The rule of thumb for minimally processed foods is to make sure they have fewer than 5 ingredients and that those ingredients are all things you recognize (as opposed to “Red 37” or “maldexterose”). Foods that have more than 5 ingredients are considered part of this group too, as long as those additional ingredients consist of spices and whole foods.

Ezekiel Bread
The Food for Life brand has a TON of high-protein bread and cereal products, all of which are made from various sprouted grains and legumes. The process of sprouting grains maximizes nutrition, preserves important fibers, promotes digestibility, and increases antioxidants. Each of the Ezekiel 7 Grain English Muffins clock in at 8g of protein, while a ½ cup of their Ezekiel Cinnamon Raisin Sprouted Grain Cereal has 7g.

Nut Butter
An alternative way to enjoy nuts is in butter form. I personally love Manna Butter, especially their Cinnamon Date almond butter, which packs in 4g of protein per 2 tablespoons. Their highest-protein butter is Nuts ‘n Seeds, with 6g per 2 tablespoons. By the way, Manna Butter butter goes extremely well with Ezekiel Bread products!

Nutritional Yeast
Nutritional yeast is an easy way to add flavoring and more protein to your meals. It’s kind of like a vegan parmesan, if you will. Two tablespoons of nutritional yeast will get you 5g of protein at 40 calories.

Ultra Processed Foods

The title says it all: ultra processed foods have gone through extensive processing and often contain much more than five ingredients. Many of these ingredients are additives such as preservatives, emulsifiers, sweeteners, and artificial flavors and colors.

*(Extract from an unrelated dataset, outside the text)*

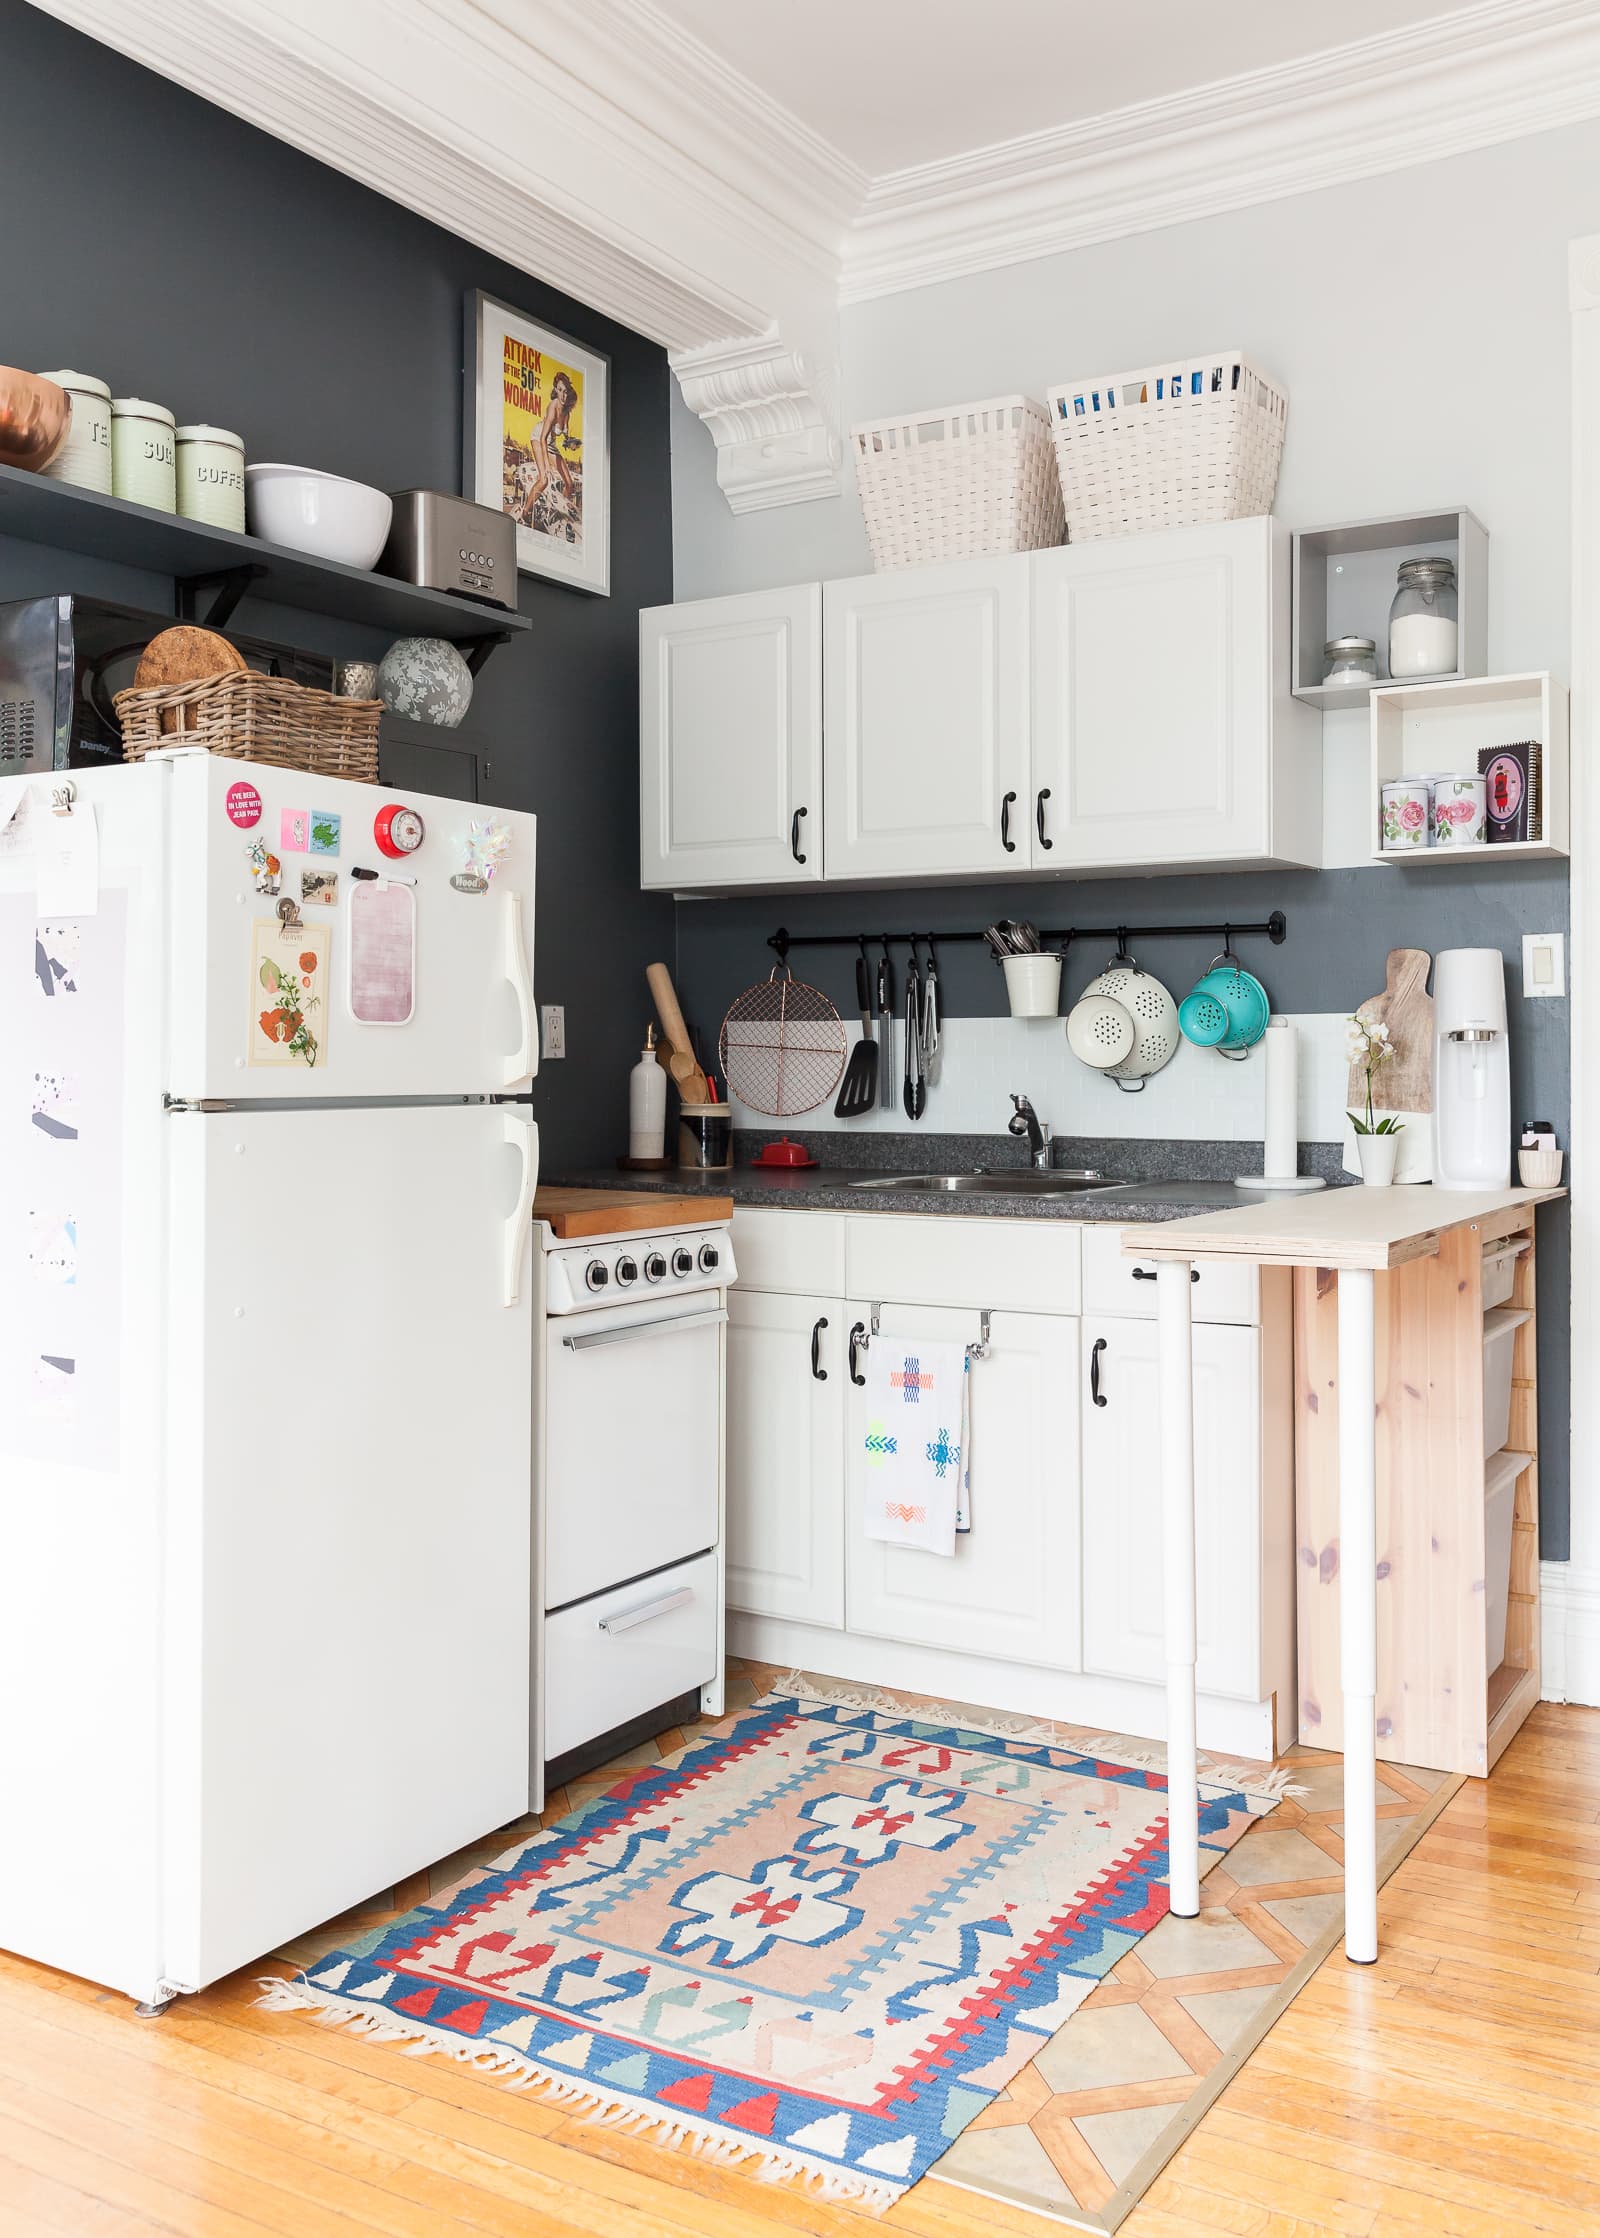 6 ways to get more kitchen space - CNET

Kite Hill Greek Style Yogurt
One of the foods I missed the most when I switched from a vegetarian to a vegan diet was Greek yogurt. At the time, there were a few vegan options, but none of them contained a good amount of protein; plant-based options had around 2-5g per serving compared with 17-20g from OG Greek yogurt. I’m happy to report that Kite Hill has stepped in with their plant-based Greek Style yogurt. This yogurt contains 15g of protein, along with probiotics that are essential to gut health.

Beyond Burger Patties
I’ll admit, I eat these a lot. It’s hard not to! They’re absolutely delicious, and have 20 grams of protein per patty with zero added sugars, which is comparable to a regular hamburger. Best of all, this plant-based burger has a positive effect on the environment. According to their website, producing a Beyond Burger takes 97% less water, 97% less land, 90% fewer Greenhouse Gas Emissions than a beef patty.

Tofurky Peppered Slices
These “deli slices” are an easy way to add more protein to your diet without adding too many calories. Five slices of Tofurky is only 100 calories and 13g of protein! These are also perfect for a keto diet, as they only contain 5 carbs per serving.


As you can see, there is an abundance of high-protein foods that can be eaten within the boundaries of a plant-based diet. I hope that gives you reassurance if you are interested in going vegan or incorporating more plants into your diet.